Learn About Publishing GPU Instance Metrics to Oracle Cloud Infrastructure Monitoring

Customers use Oracle Cloud Infrastructure Monitoring to actively and passively monitor cloud resources by using custom metrics and alarm features that are built into the service. Currently, though, Oracle Cloud Infrastructure Monitoring doesn't natively support collection of GPU-specific data from instances running those advanced chipsets.

Despite that limitation, if your computer uses an NVIDIA GPU, it's possible to easily publish custom metrics to the Monitoring service. This solution shows how to use a Linux Shell script or a Windows PowerShell script to publish GPU temperature, GPU utilization, and GPU memory utilization metrics from OCI GPU instances to Oracle Cloud Infrastructure Monitoring. In addition to these metrics, the scripts you will be developing in the course of this exercise can be easily modified to publish other GPU-specific data.

About Oracle Cloud Infrastructure Monitoring

Oracle Cloud Infrastructure Monitoring enables you to actively and passively monitor your cloud resources using the Metrics and Alarms features.

The Metrics feature relays metric data about the health, capacity, and performance of your cloud resources. A metric is a measurement related to health, capacity, or performance of a given resource . Resources, services, and applications emit metrics to the Monitoring service. Common metrics reflect data related to:
  • Availability and latency
  • Application uptime and downtime
  • Completed transactions
  • Failed and successful operations
  • Key performance indicators (KPIs), such as sales and engagement quantifiers
By querying Monitoring for this data, you can understand how well the systems and processes are working to achieve the service levels you commit to your customers. For example, you can monitor the CPU utilization and disk reads of your Compute instances. You can then use this data to determine when to launch more instances to handle increased load, troubleshoot issues with your instance, or better understand system behavior.

Architecture

For Linux images, the solution is a shell script that is run by a cron job automatically. For Windows images, the solution is a PowerShell script that is run by a scheduled task automatically.

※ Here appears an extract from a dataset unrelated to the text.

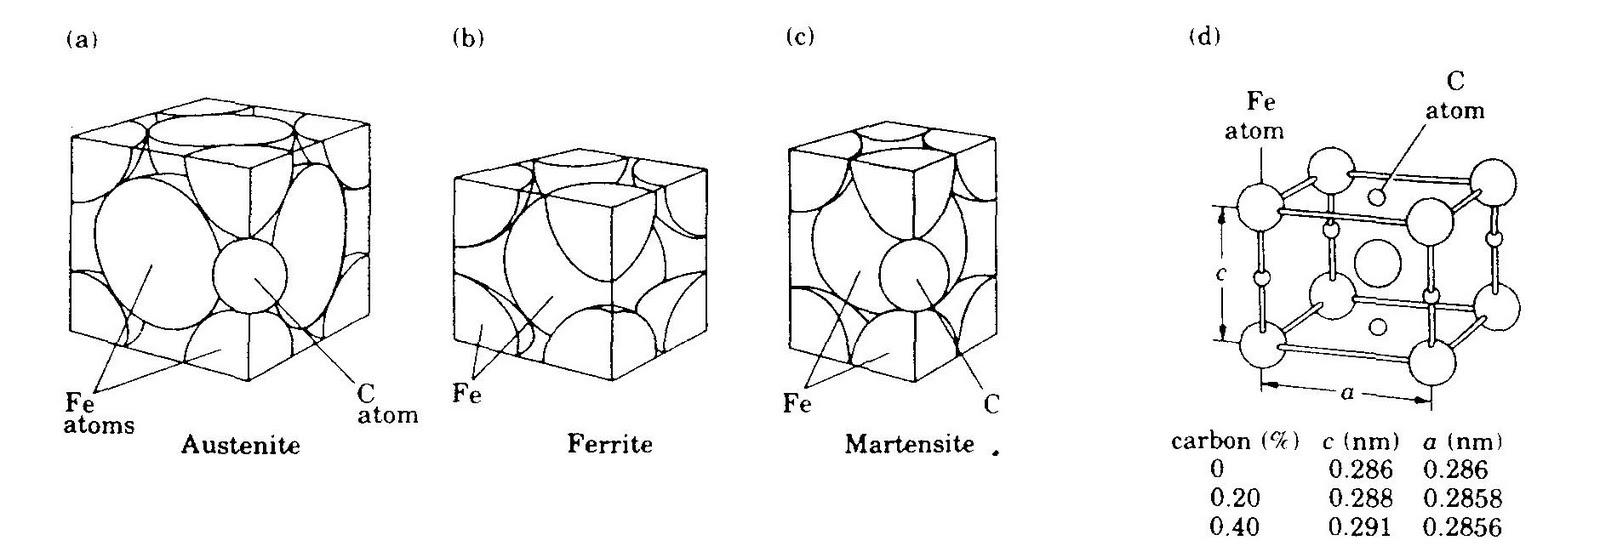 Pemilihan bahan dan proses daerah diagram fase besi karbida besi yang signifikan untuk baja ditunjukkan pada gambar410 sebuah pembesaran bagian kiri bawah gambar 48 ccuart Image collections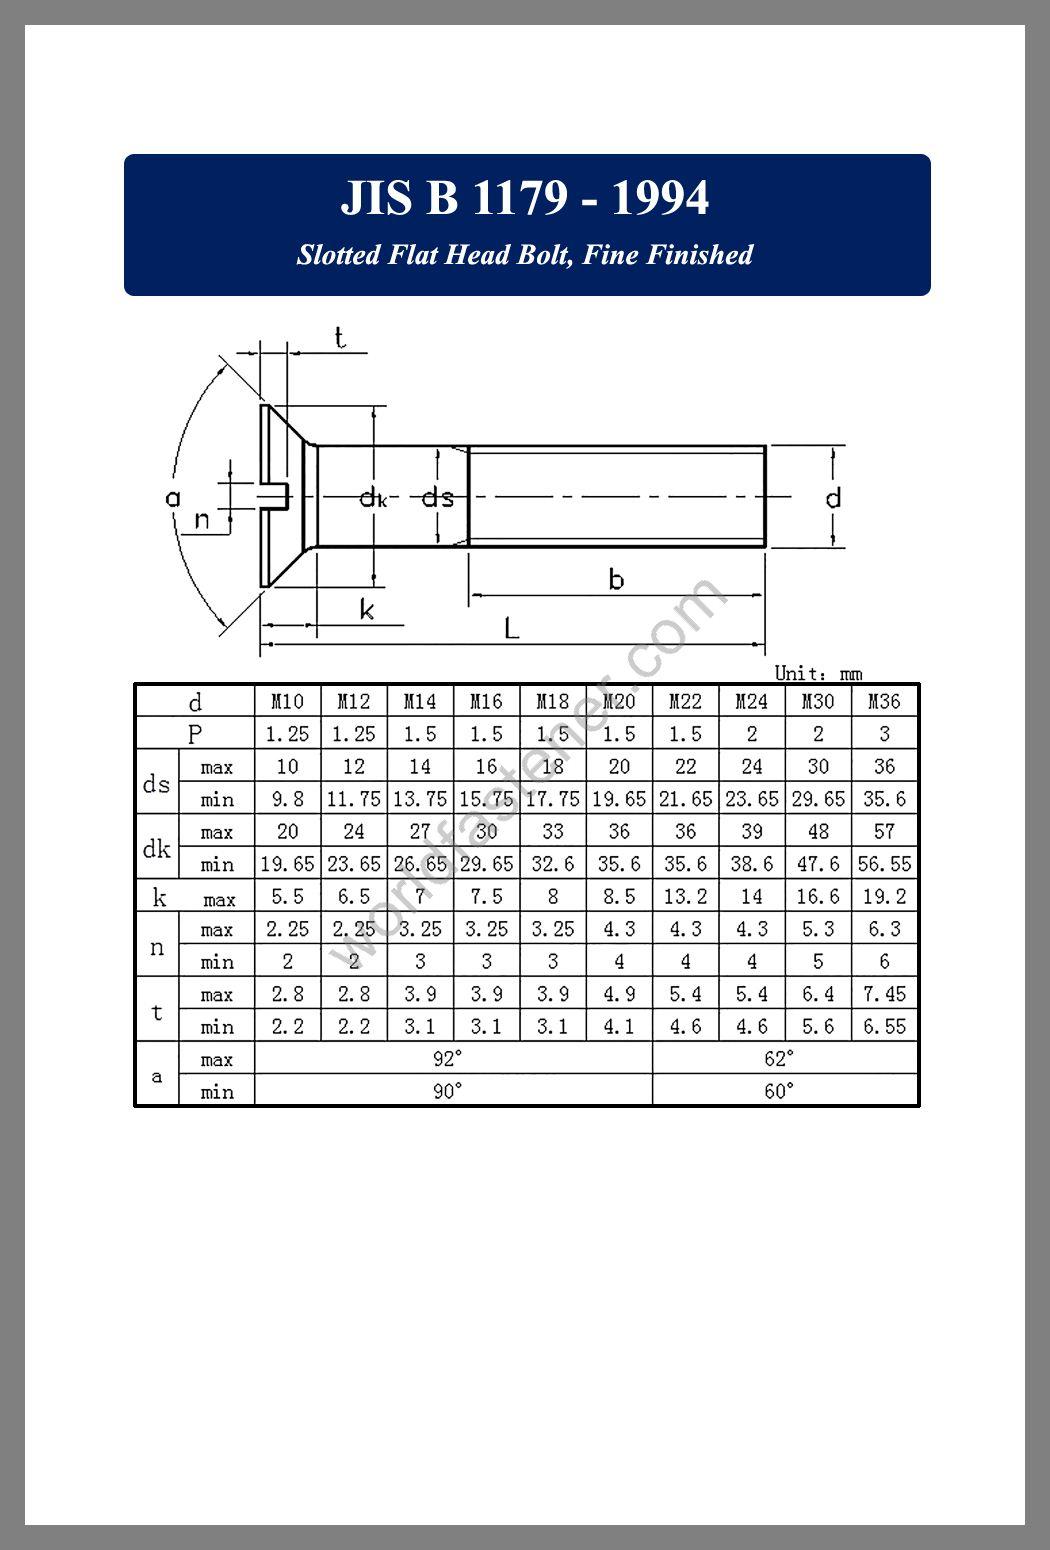 JIS B 1179 Slotted Flat Head Bolt Fine Finished, JIS B1179, Countersunk Head Screws, fastener, screw, bolt, JIS bolts, JIS Fasteners

The scripts provided in this solution do the following:
  1. Query metrics from the GPU instance by using NVIDIA-smi.
  2. Convert the metrics gathered from NVIDIA-smi to valid JSON.
  3. Publish the JSON to the Monitoring service by using the CLI.

Description of publish_gpu_instance_to_oci_monitoring.png follows
Description of the illustration publish_gpu_instance_to_oci_monitoring.png

After the setup is completed, the metrics become visible in Oracle Cloud Infrastructure Monitoring. The following image shows the GPU temperature for a specific time frame:Description of metrics_explorer.png follows
Description of the illustration metrics_explorer.png

Considerations for Publishing GPU Instance Metrics to Oracle Cloud Infrastructure Monitoring

Before starting this solution, you should consider these important factors:

  • This solution applies only to NVIDIA graphics processing units.
  • O/S Versions:
    • For Linux images, the solution is a shell script that is run by a cron job automatically. This solution supports these Linux releases:
      • Oracle Linux 7
      • Ubuntu 16.04
      • Ubuntu 18.04
    • For Windows images, the solution is a PowerShell script that is run by a scheduled task automatically. This solution supports these releases:
      • Windows Server 2012 R2
      • Windows Server 2016
    • Where necessary, this solution presents separate instructions based on your specific operating system. Ensure that you are following the correct instructions for your operating system.
  • IAM Policy: The script publishes the metrics to the same compartment as the GPU instance being monitored by default. You probably have the necessary IAM policy already configured for your user. If you plan to use a separate compartment for publishing the metrics, or if you get a message that you don’t have permission or are unauthorized, check with your tenancy administrator.
  • User interface: This solution employs command line interfaces (CLI) to launch the process. It uses uses the NVIDIA System Management Interface (NVIDIA-smi) command line utility to gather metrics from the GPUs and the Oracle Cloud Infrastructure CLI to upload the metrics to Oracle Cloud Infrastructure Monitoring. Further information for these interfaces follow.

About NVIDIA-smi

This solution uses the NVIDIA System Management Interface (NVIDIA-smi) command line utility to gather metrics from the GPUs, and then uses the Oracle Cloud Infrastructure command line interface (CLI) to publish these metrics to the Monitoring service.

NVIDIA-smi ships with NVIDIA GPU display drivers. GPU shapes with Oracle Linux 7 images come with the GPU drivers installed. GPU shapes with Ubuntu 16.04, Ubuntu 18.04, Windows Server 2012 R2, and Windows Server 2016 images are supported, but you must install the appropriate GPU drivers from NVIDIA.